[Instructions for the task]
Copy out precisely the lines of the material that follows, beginning with the line containing "Bearded farmer in" and ending with its last line; exclude pictures.

[Data shown]

⟨

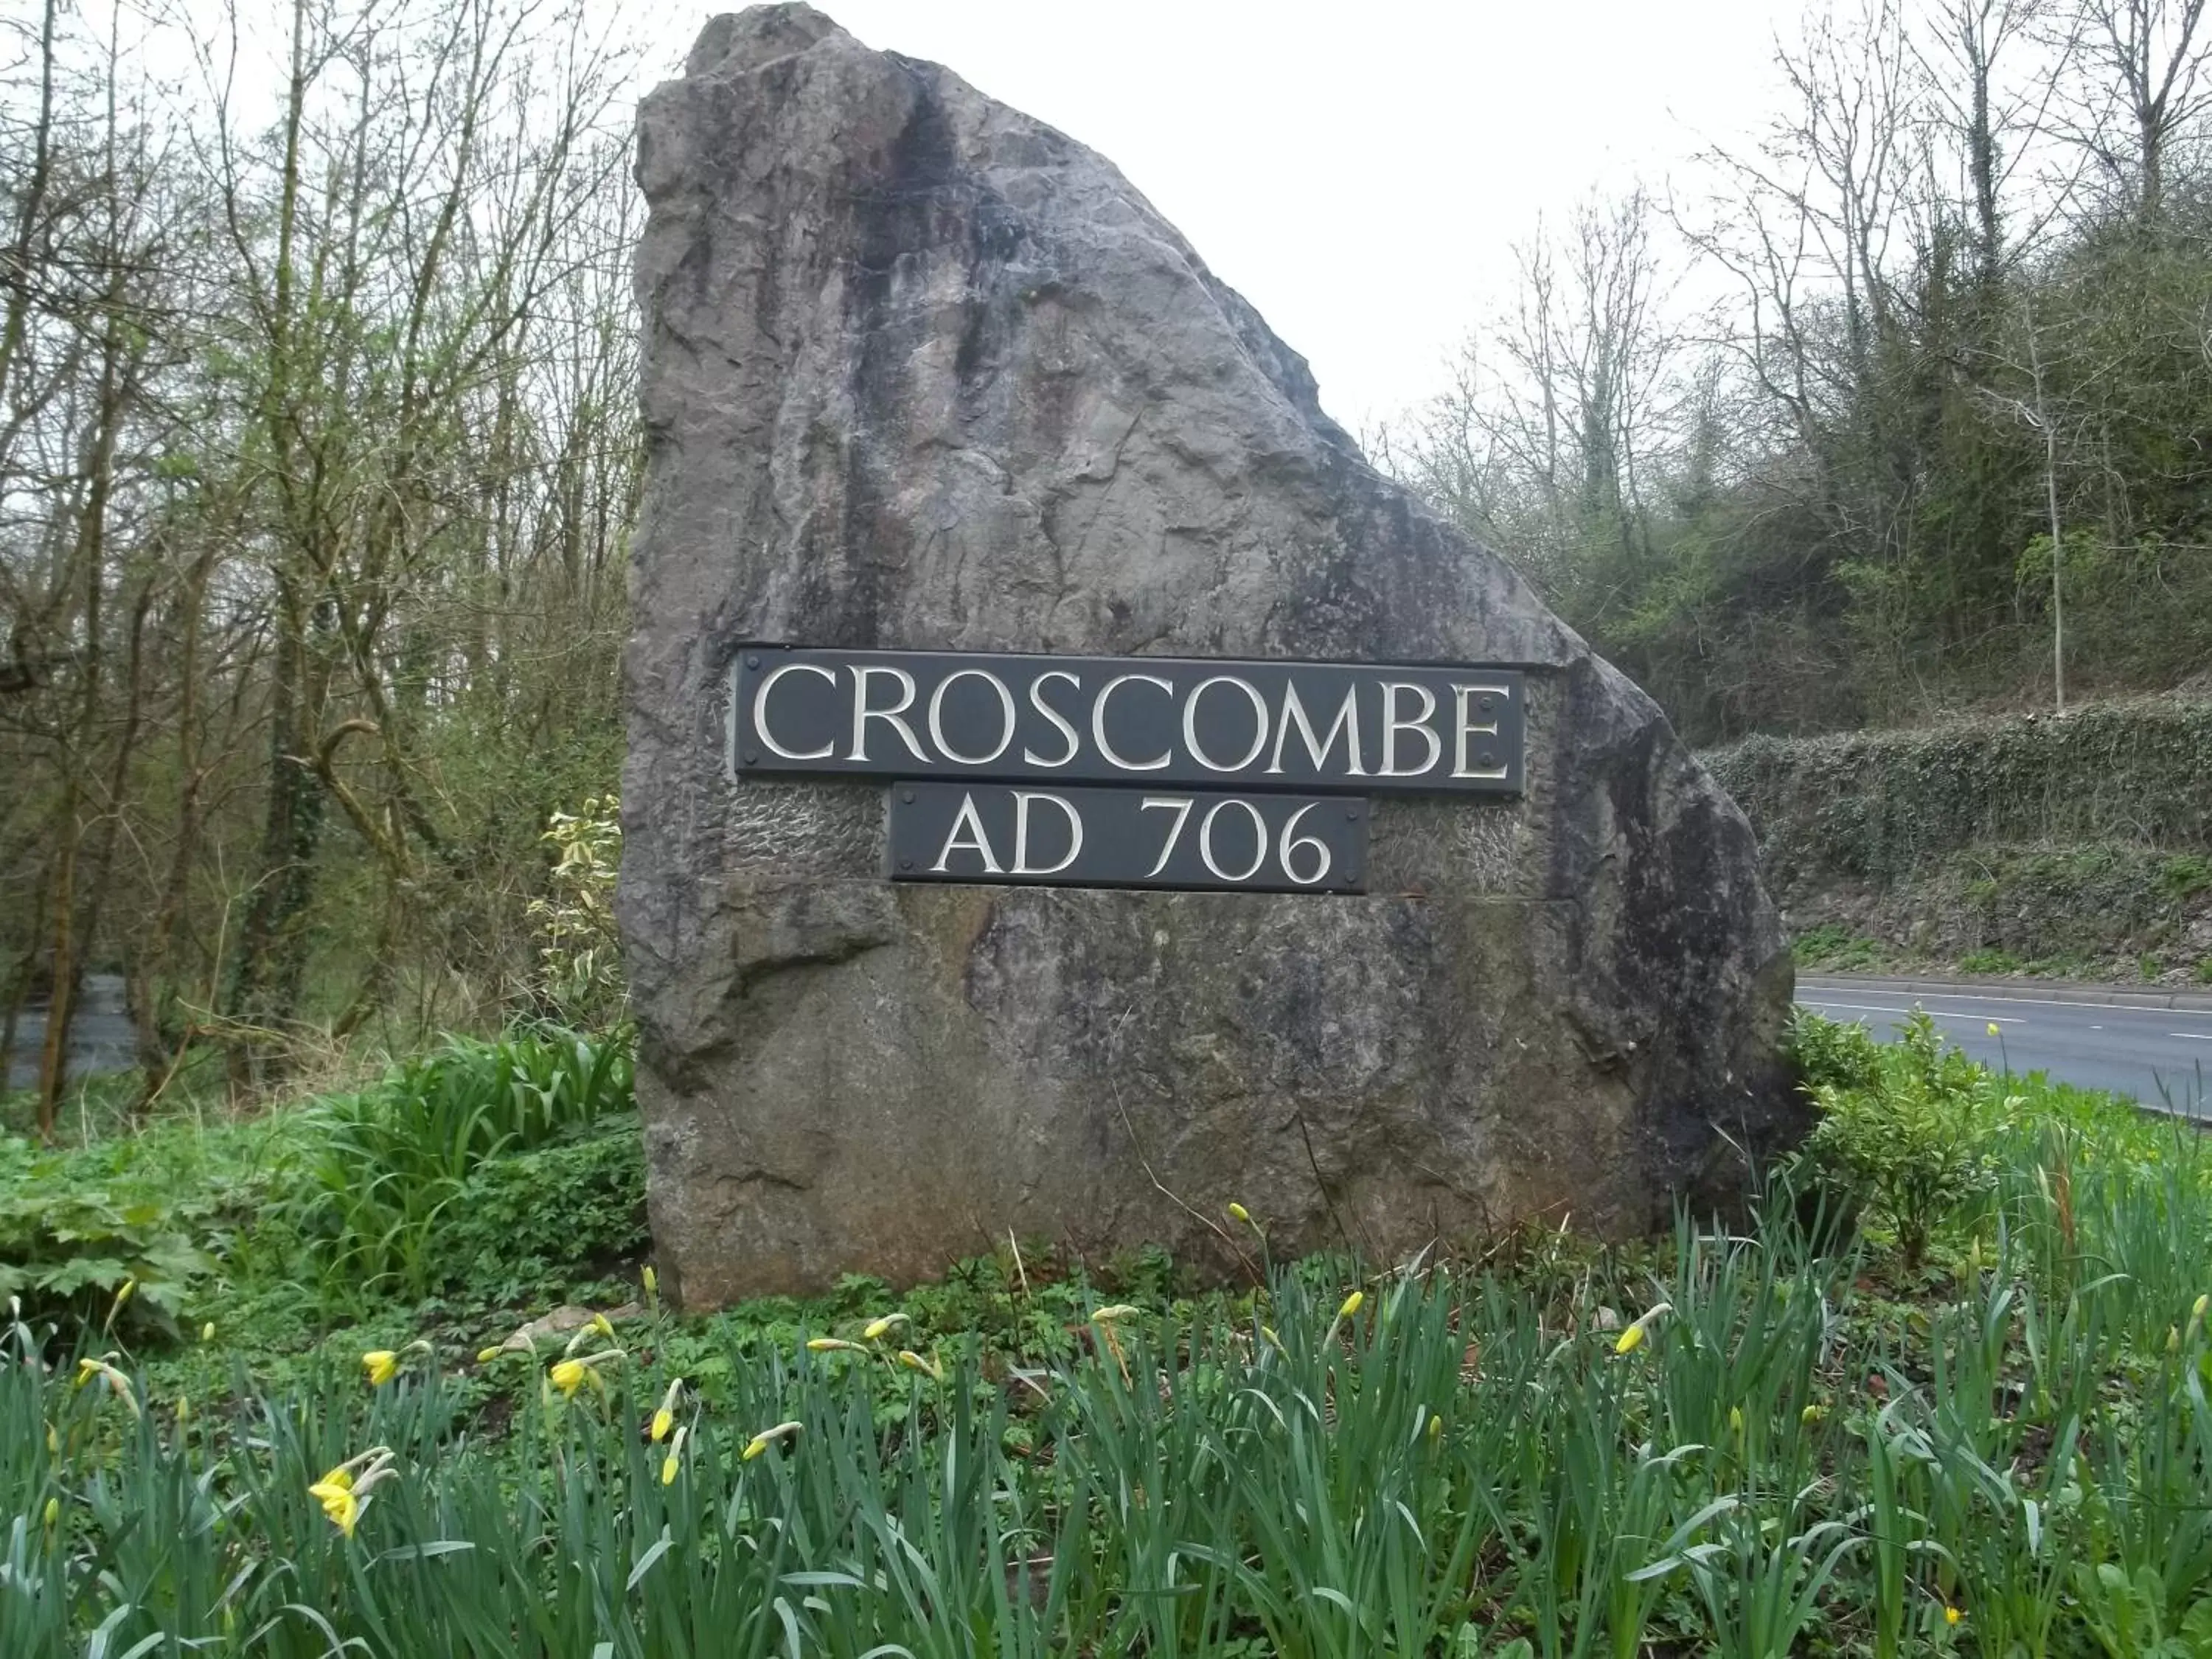 Day in The Cross at Croscombe
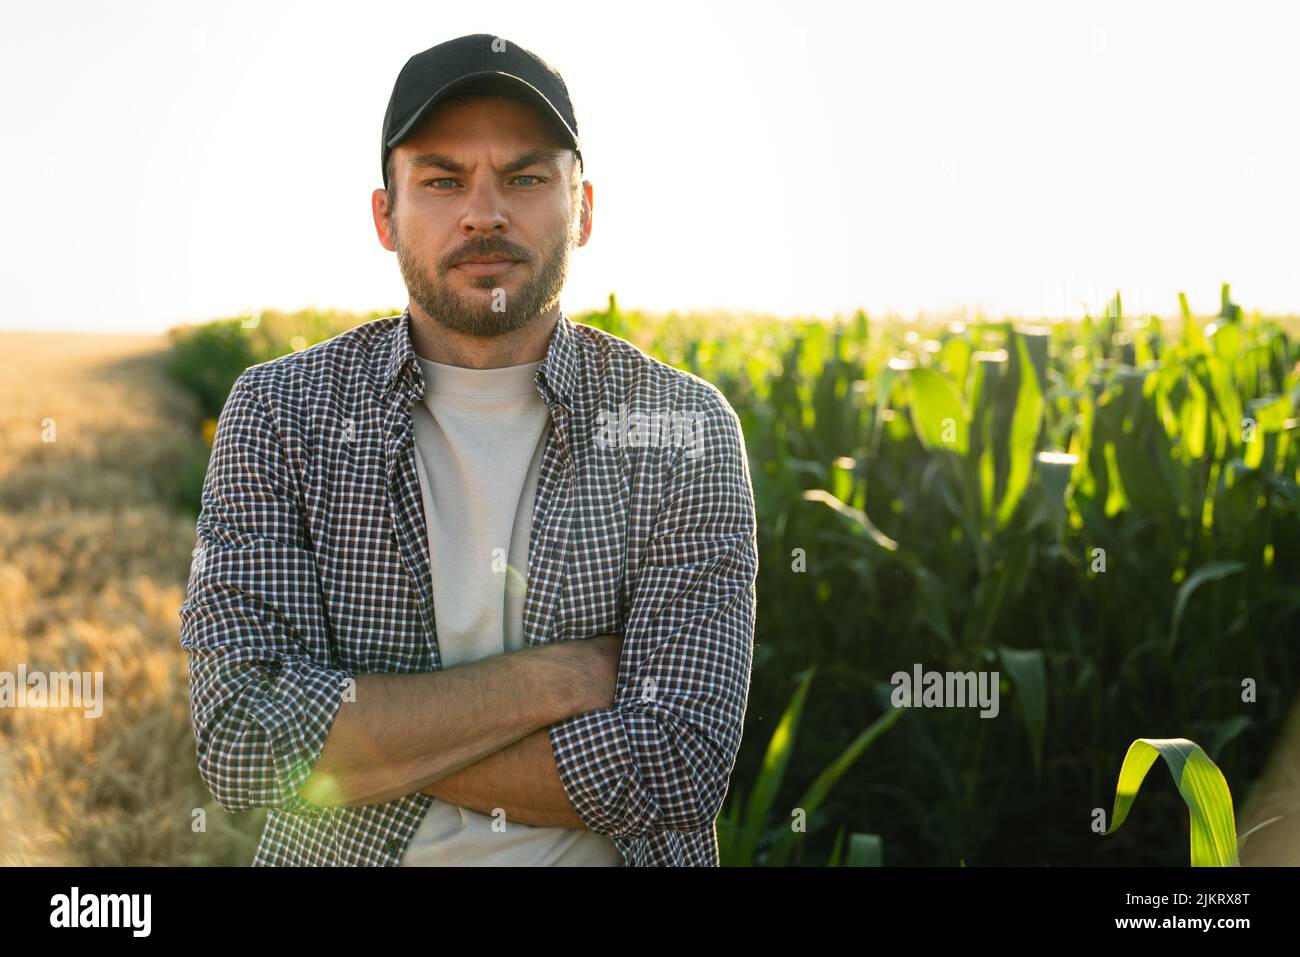 Bearded farmer in a cap and a plaid shirt against the background of a corn field  Stock Photo
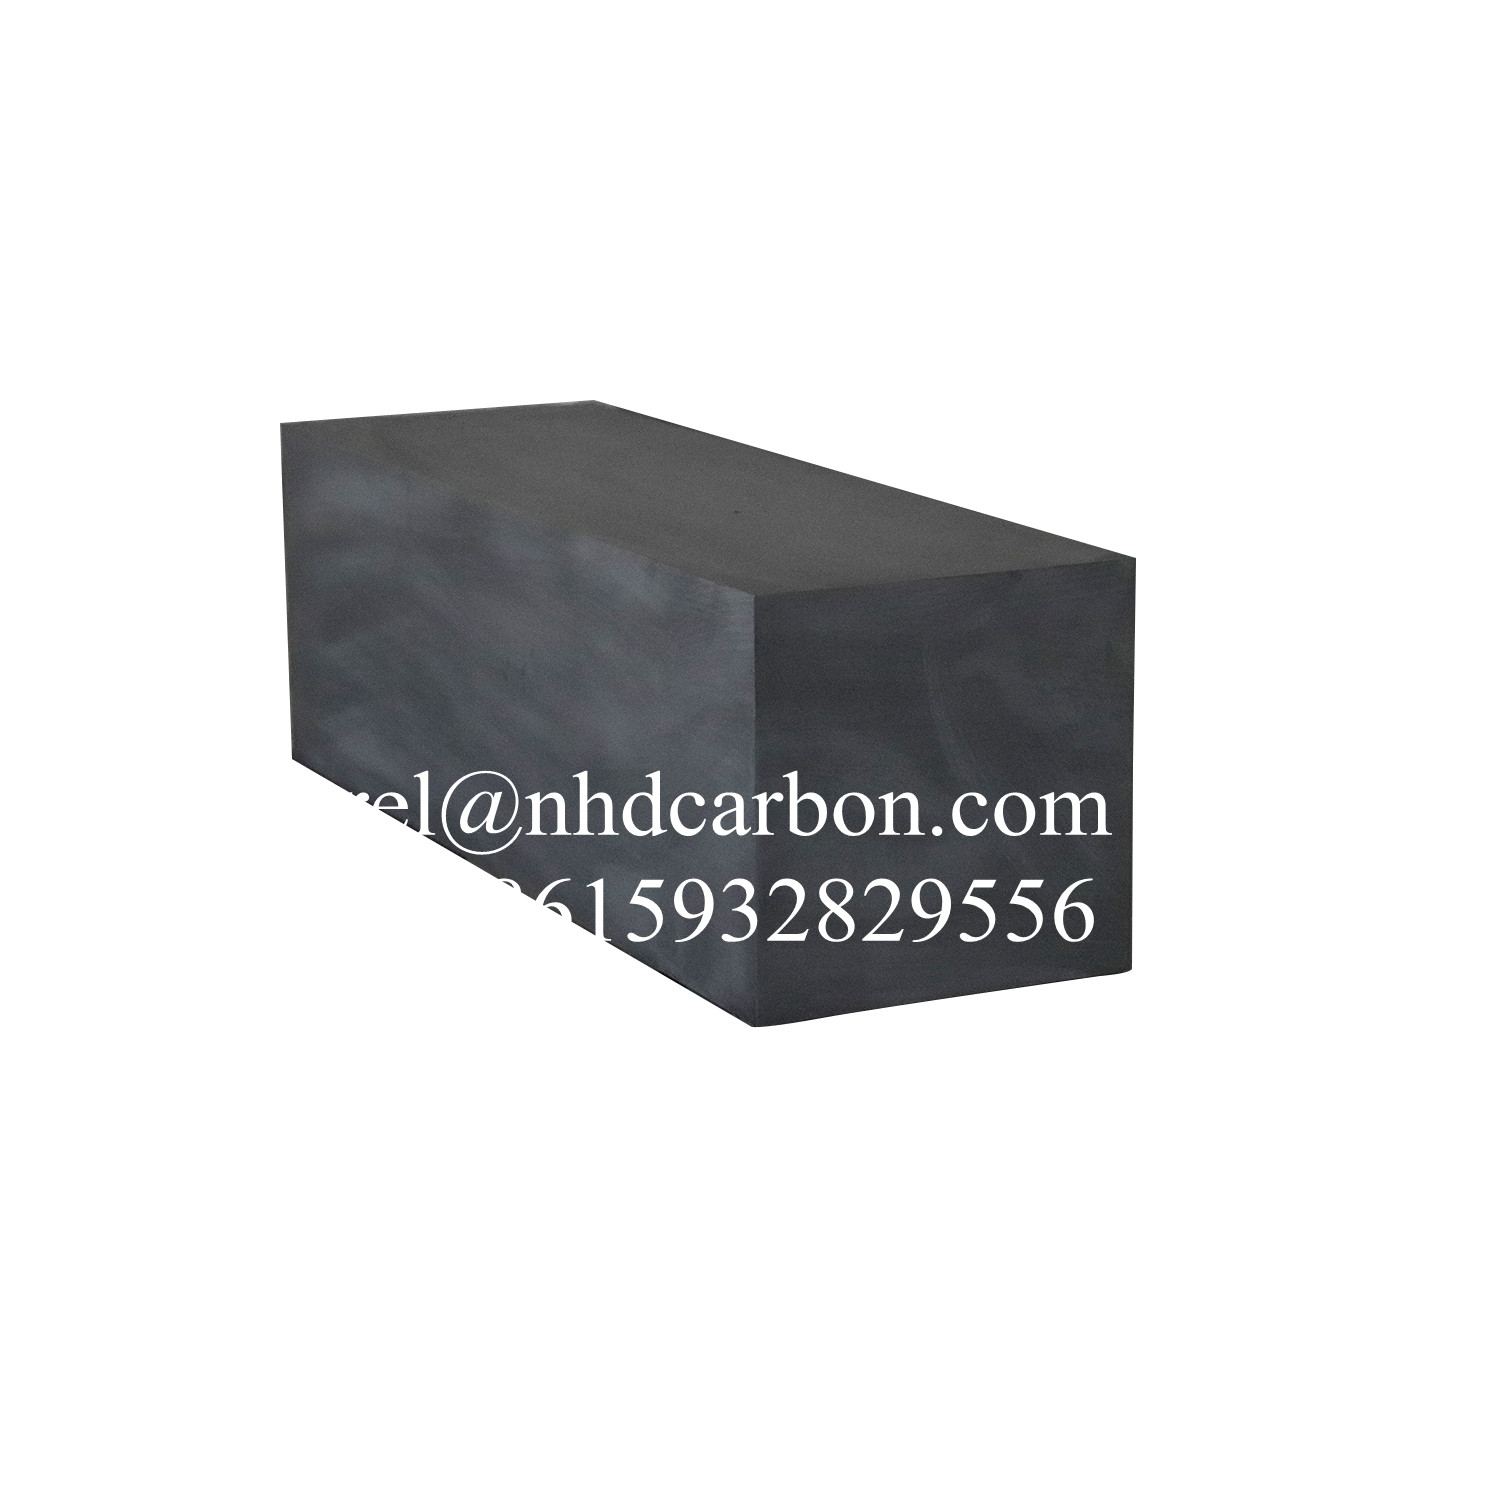 High purity molded Graphite block 
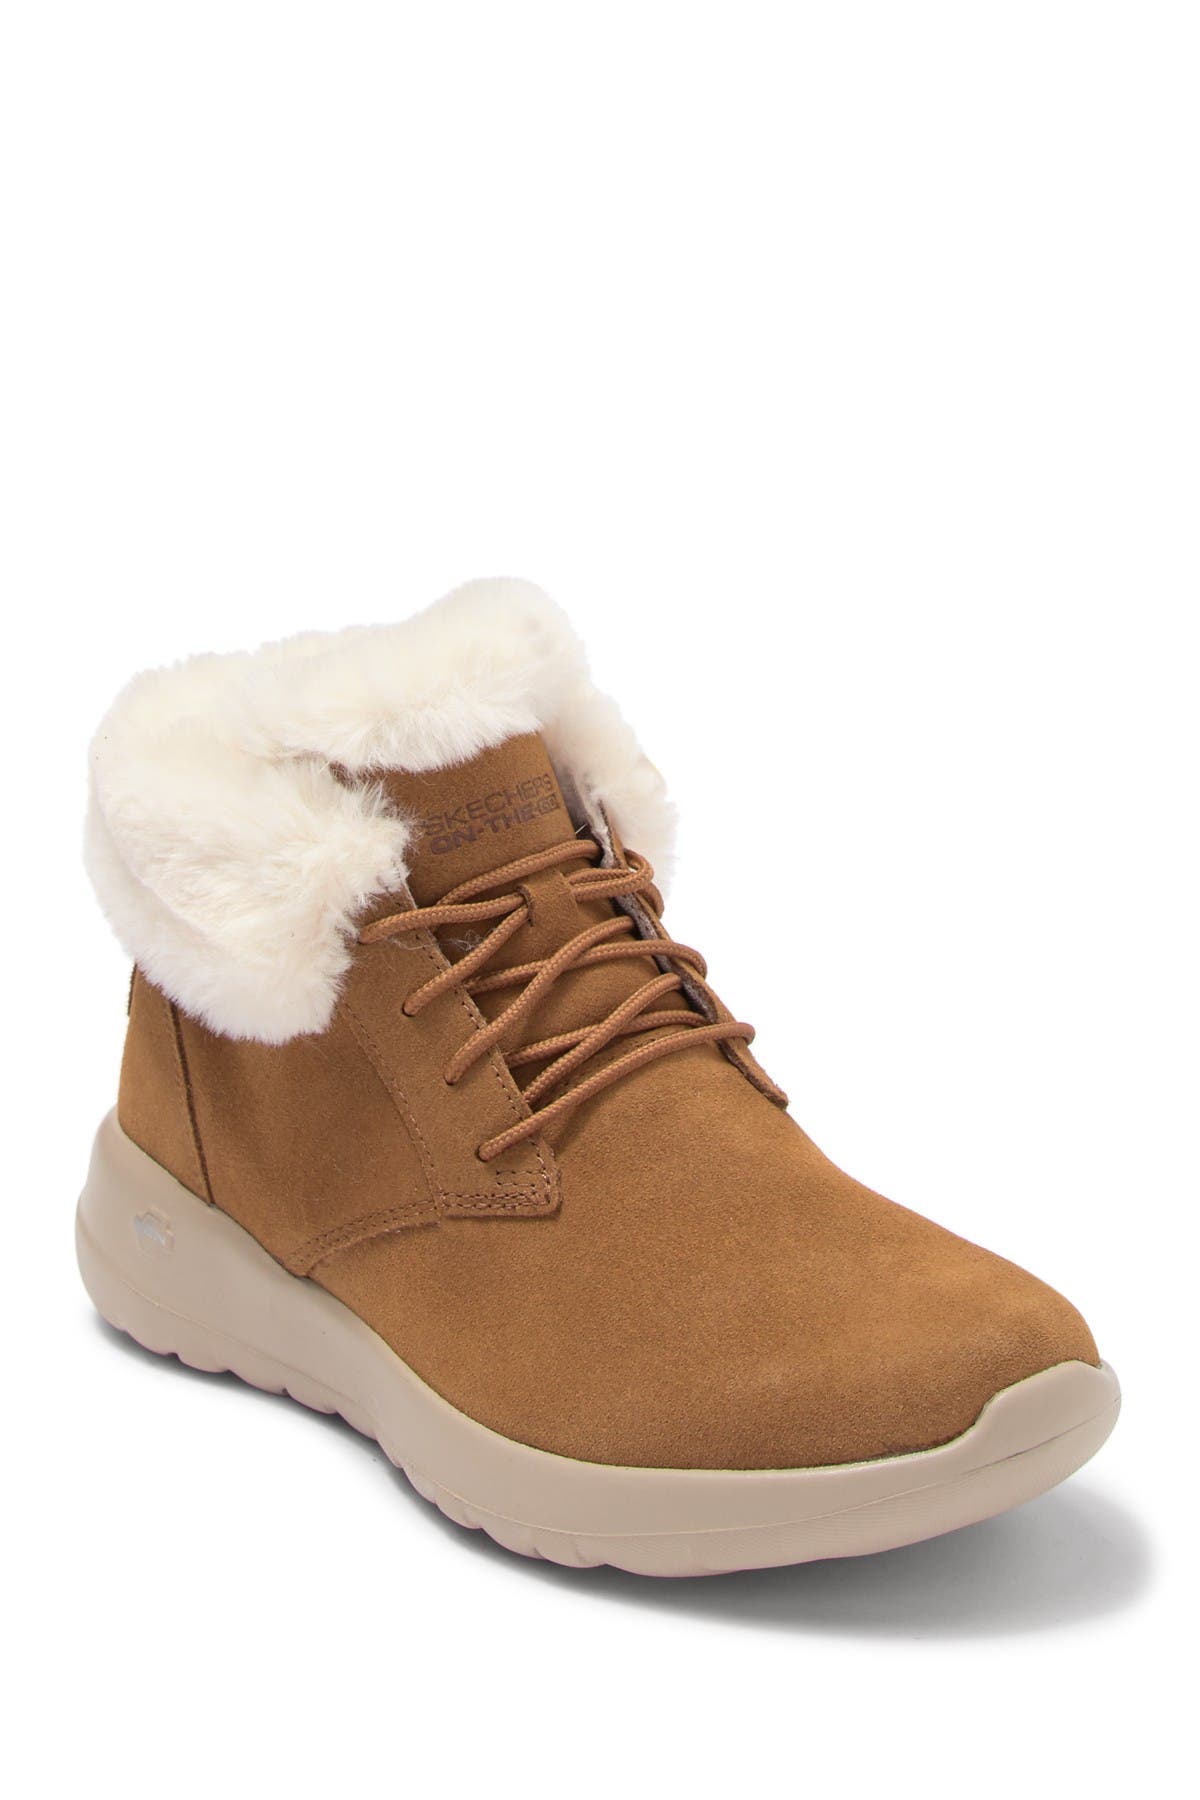 fur lined skechers boots

⟩

[Answer for this exercise]
 Bearded farmer in a cap and a plaid shirt against the background of a corn field  Stock Photo
 High purity molded Graphite block 
 fur lined skechers boots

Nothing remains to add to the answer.